── Data ──
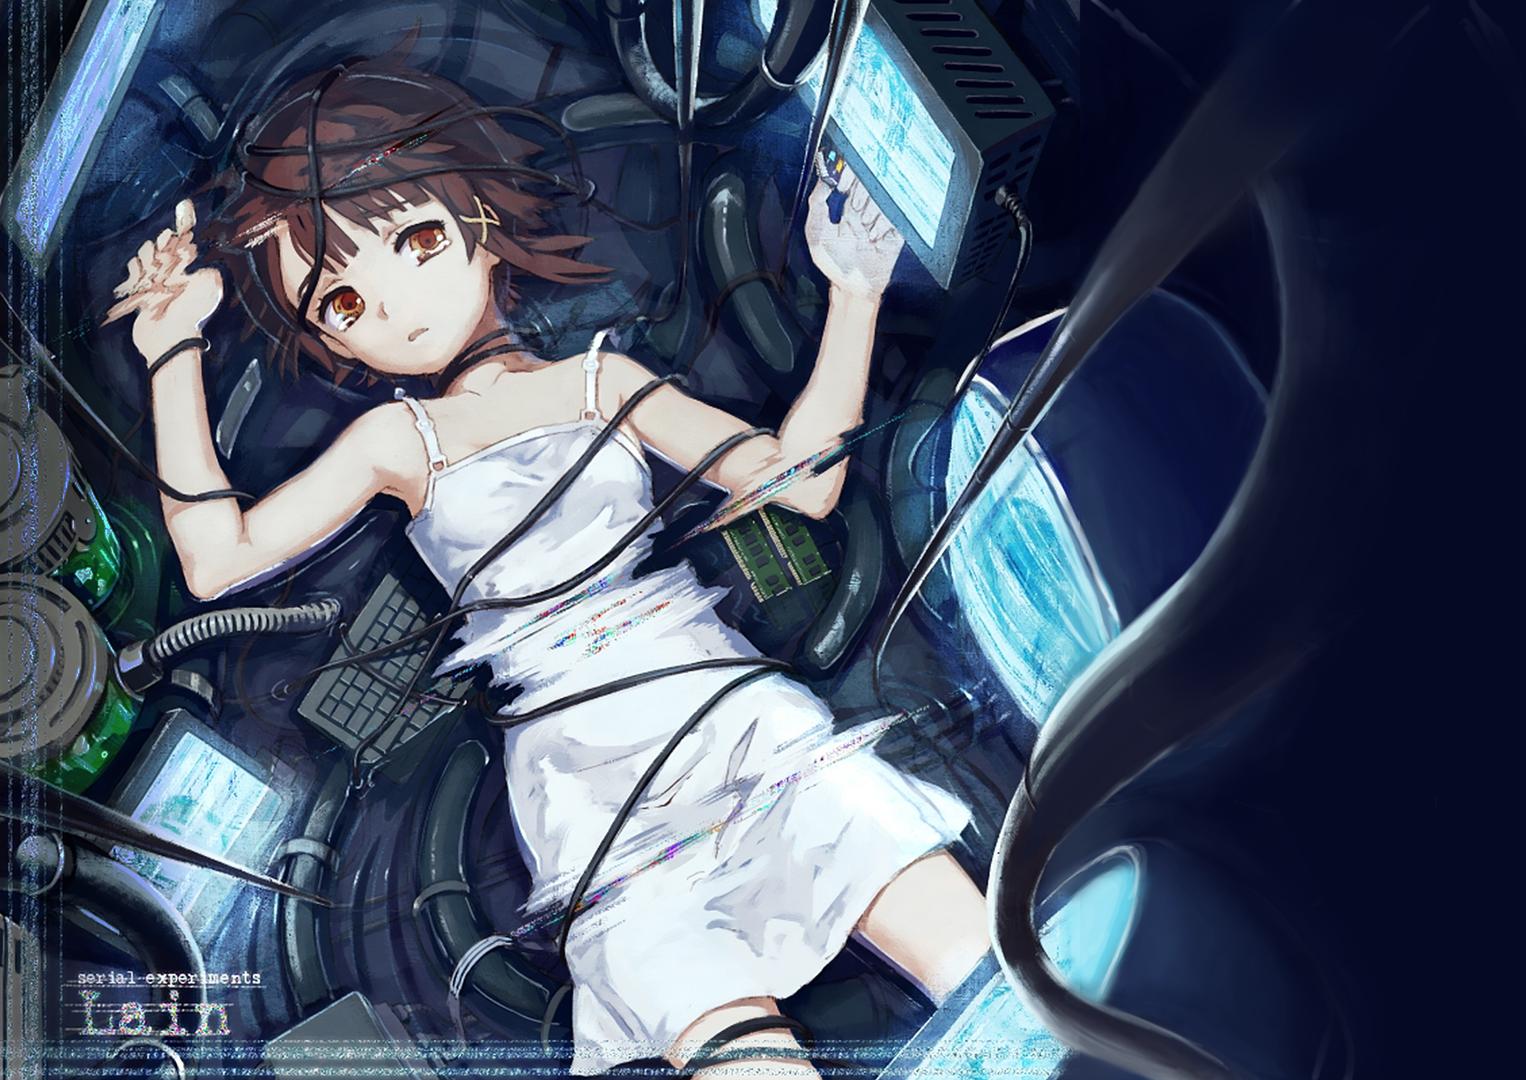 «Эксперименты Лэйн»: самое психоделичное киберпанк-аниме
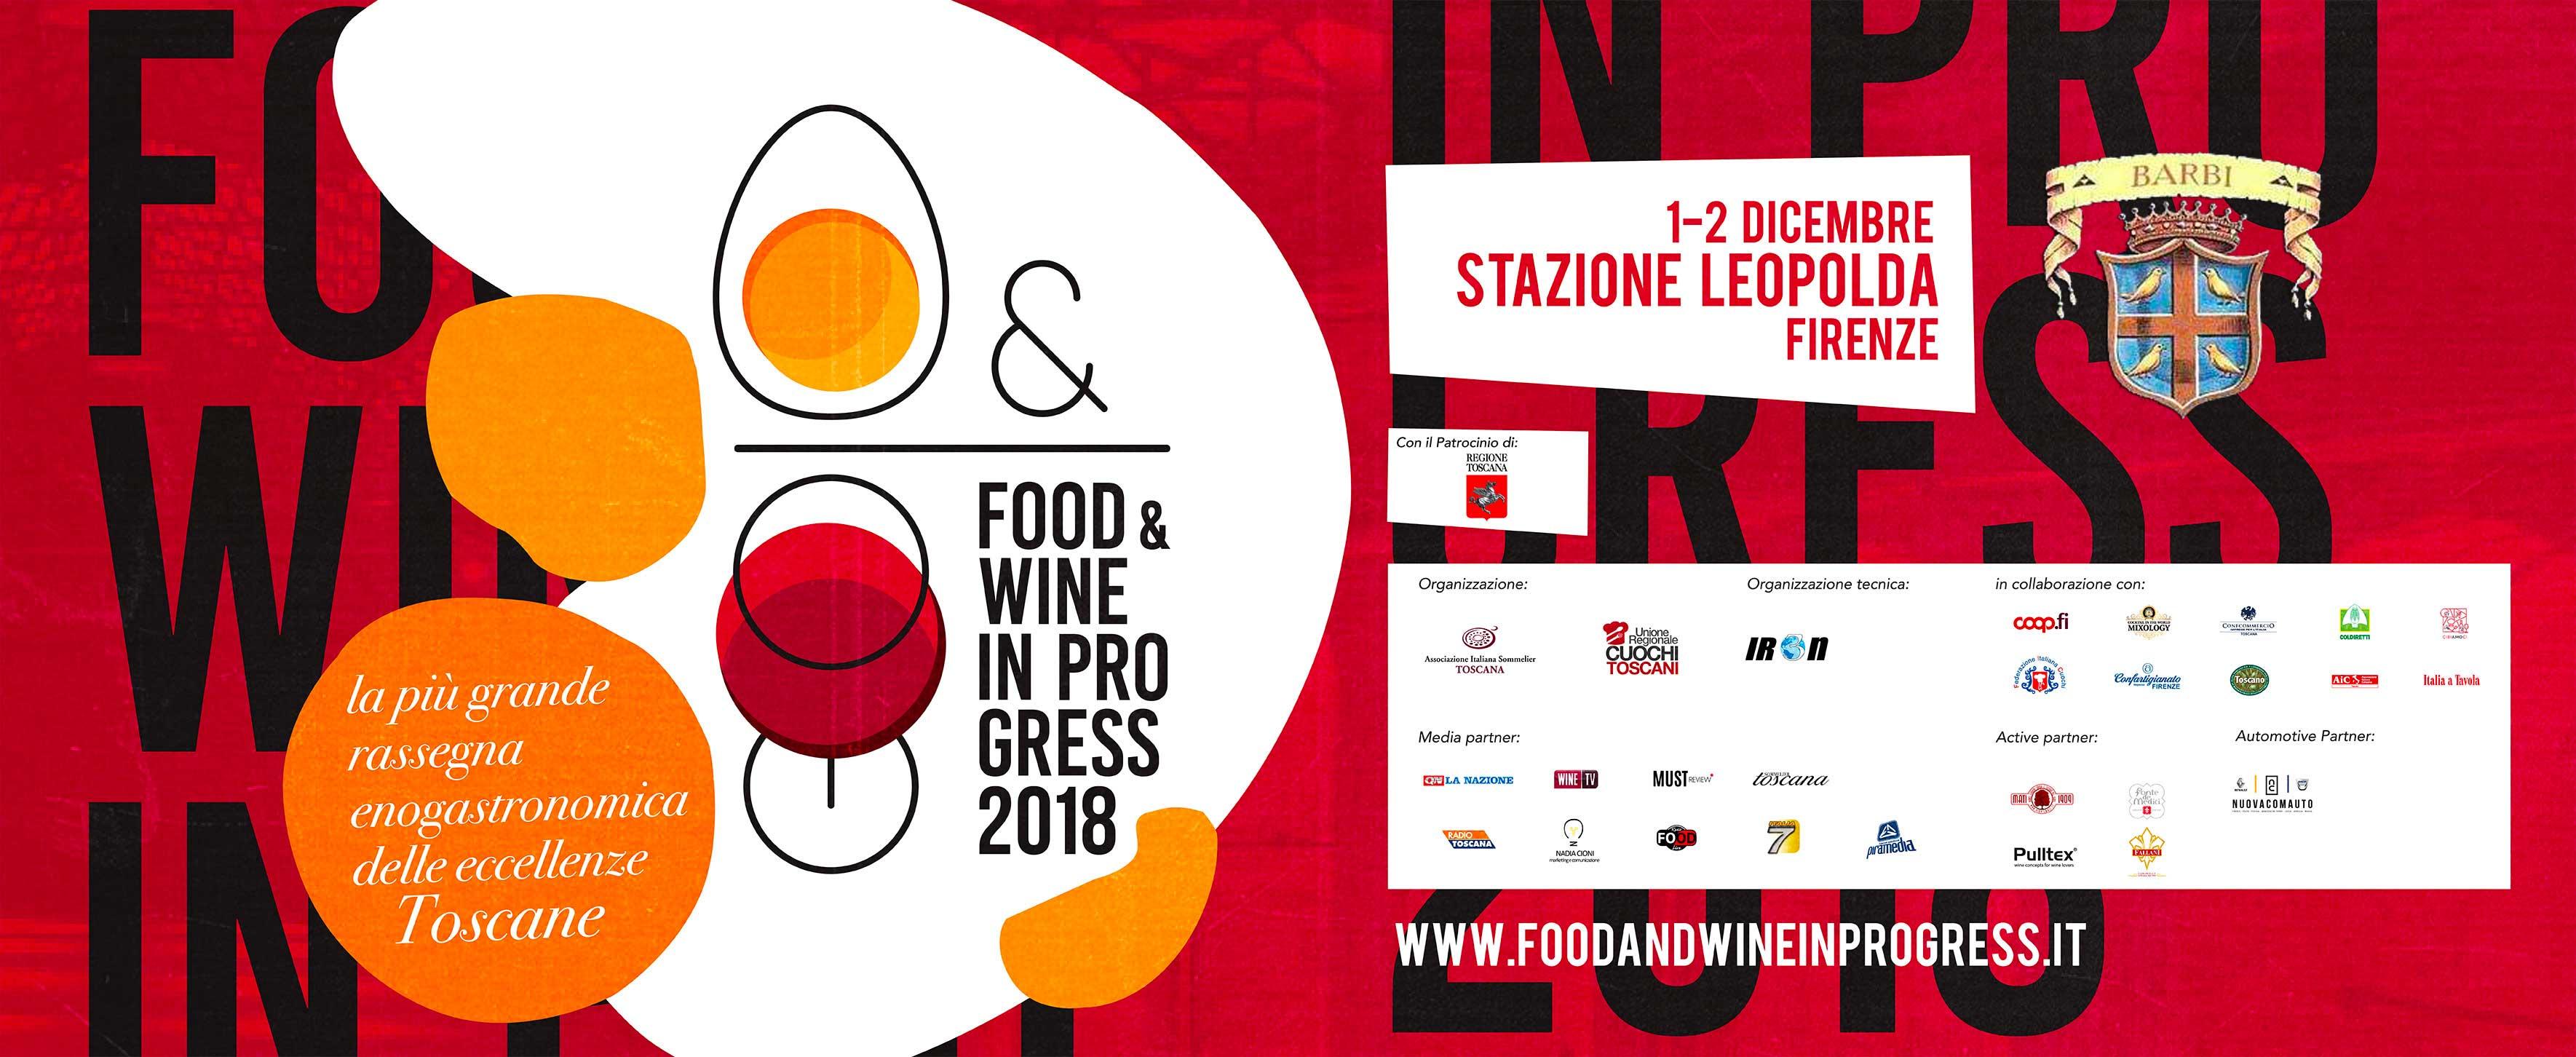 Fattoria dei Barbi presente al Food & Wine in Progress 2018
───
── Data ──
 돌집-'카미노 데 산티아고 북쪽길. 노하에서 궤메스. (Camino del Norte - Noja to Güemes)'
───
── Data ──
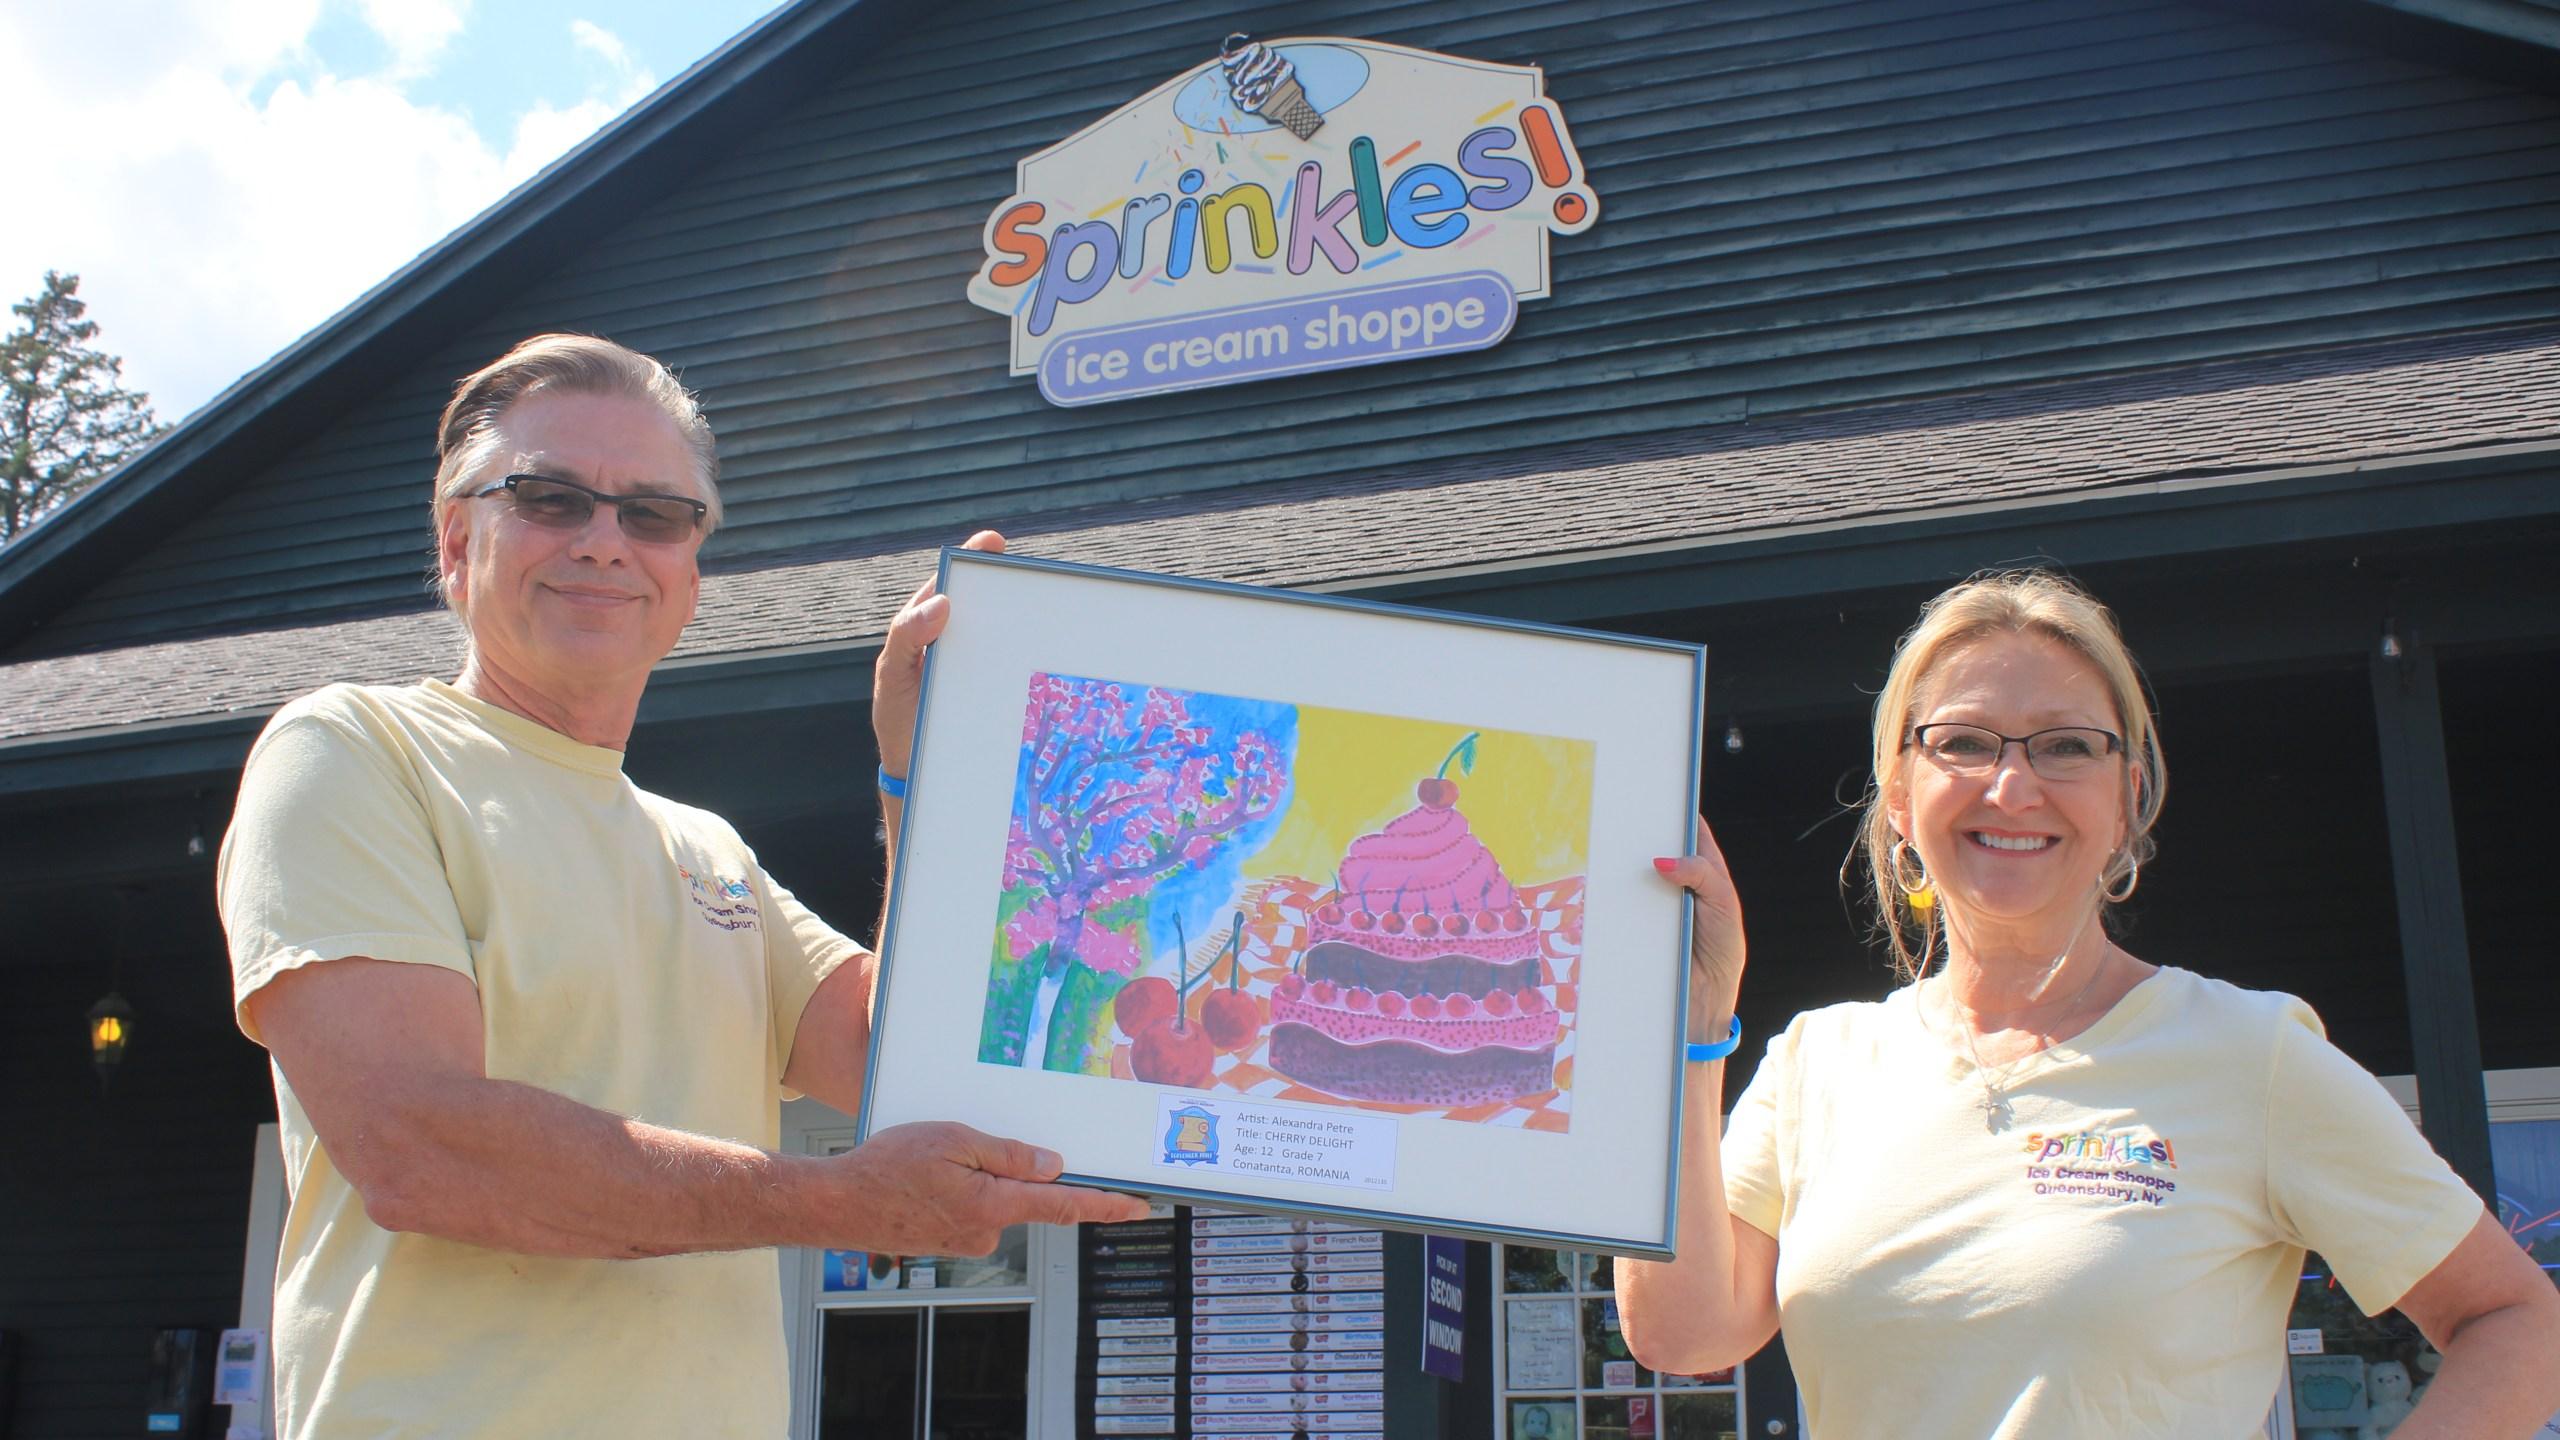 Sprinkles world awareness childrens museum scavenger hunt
───
Aim of the exercise =>
Using the entries above, transcribe every line from the line containing "самое психоделичное киберпанк-аниме" through the line containing "Fattoria dei Barbi". Do not copy pictures.

Final answer =>
 «Эксперименты Лэйн»: самое психоделичное киберпанк-аниме
 Fattoria dei Barbi presente al Food & Wine in Progress 2018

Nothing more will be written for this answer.